Afrikaans Strandjut  Shona Bere
Tswana Tlonkana, Phiritshwana



Tracks
F 8 cm
H 6 cm

Distribution

Dung
8cm
Dark when fresh, white when old, 
deposited in middens

Unusual features/differences from similar animals

The ears are more rounded in spotted hyena. The legs are striped and the tail is bushy. The hair on the body is long as opposed to the spotted hyena which has short hair. Powerful torso and longer front legs.

Visible Male/Female Differences

Females are slightly heavier and have two pairs of nipples between their hind legs. 

Habitat and Distribution

A wide range of habitats from savanna woodland to desert.

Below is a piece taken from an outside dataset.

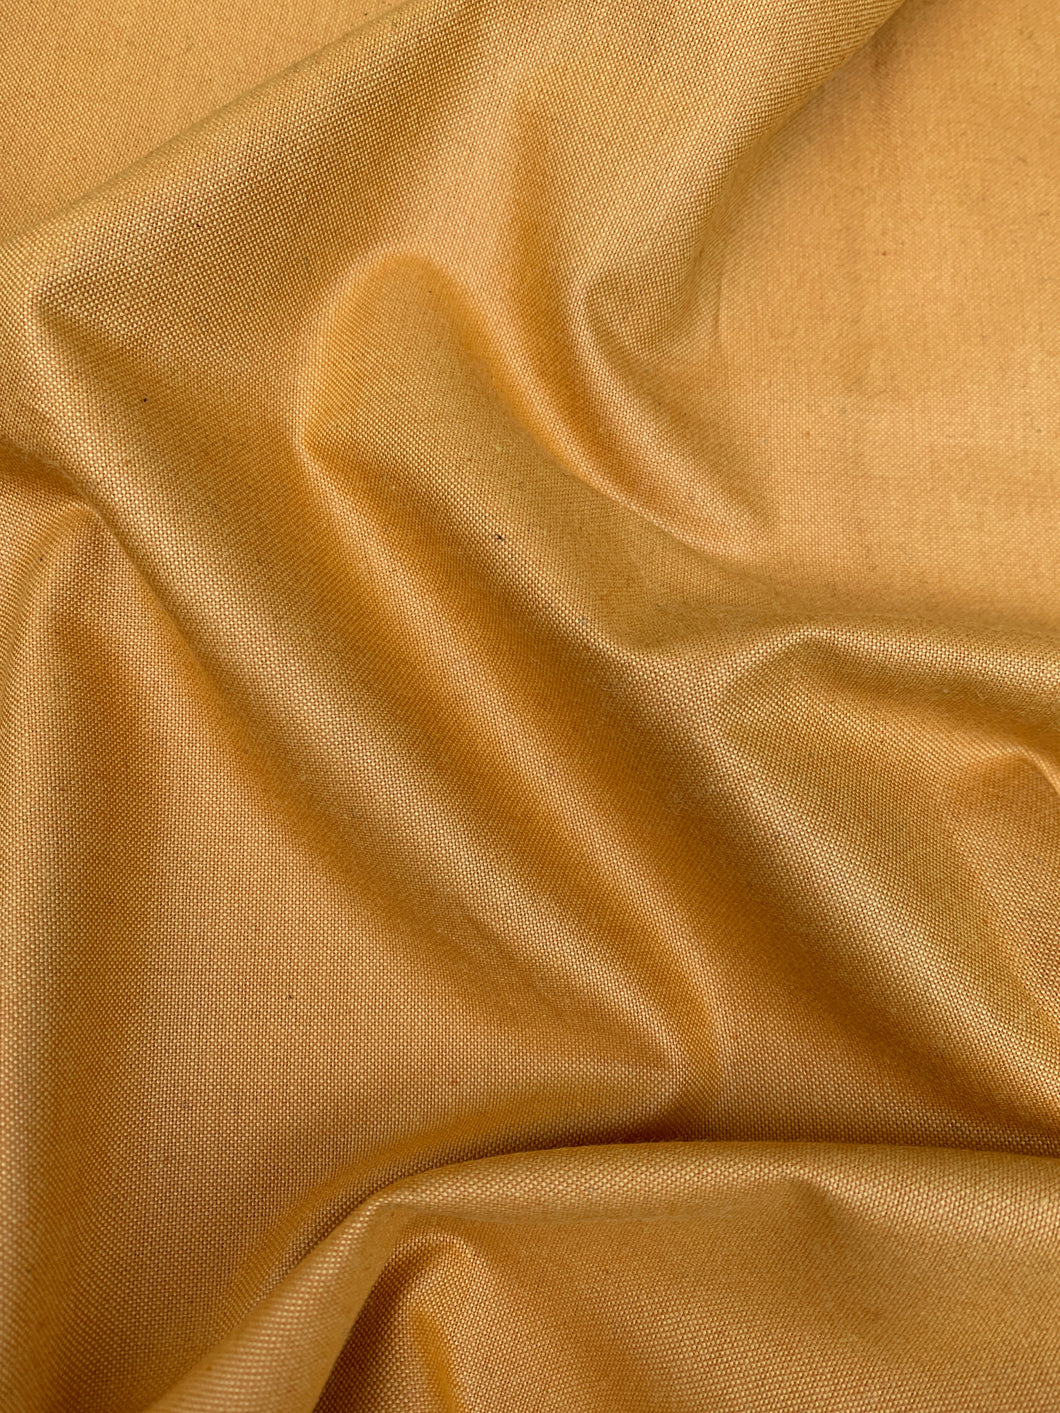 Peppered Cotton in Saffron

Avoids areas with large numbers of spotted hyenas.

Diet 

Primarily carrion but also eggs (with a preference for ostrich eggs), reptiles, fruit, and tsama melons which is a good source of moisture. Food is detected by smell and carrion can be detected from at least 14 km downwind. On the Namibian coast seals are a major part of the diet. They have very powerful jaws and teeth and can bite open bones for the marrow. Brown hyenas can digest bone and hide.

Reproduction

Litters of 1-4 are born at any time of year after a gestation of 90 days. Usually only one female in a group breeds. Famales mate with nomadic males from outside the social group. Cubs are weaned by 12-16 months until which time adults bring food to the den.  After 10 months cubs begin foraging for themselves. They have permanent teeth by 15 months and are full grown at 30 months with a lifespan of 16 years. Brown hyenas are sometimes killed by lions and spotted hyenas but are not eaten.

Behavior and Habits

Solitary nomadic males or clans with up to 12 members which defend large territories. Active for most of the night; sometimes seen at dawn and dusk. Shelters in thick vegetation and sometimes sleeps in caves. Cubs hide in clan dens, which has narrow tunnels that adults and other large carnivores cannot enter. Territories are marked up to 20 000 with anal-gland secretion marks which lasts for at least a month.

Dung is deposited in middens near territory borders and along regular routes. Brown hyenas forage alone and can cover up to 30 km per night. Several may be seen together at a large carcass. Brown hyenas are not good hunters but occasionally become pests by killing domestic stock. All clan members help to raise cubs by bringing food back to the den and extra food is hidden in caches. Females sometimes suckle one another's cubs. 

Sounds

There is no long-range contact call. Serious fights involve neck biting, growls and yells.Cubs whine when begging for food.

Dung and Field sign 

Dung is white cylinders with tapered ends, 8cm long. Very dark when fresh, white when old. Deposited in middens. Scent marks on grass stems; the white secretion turns brown in a few days. Accumulations of bones and other food remains at dens whereas Spotted hyena dens do not have bones at the dens because food is not carried back to their cubs.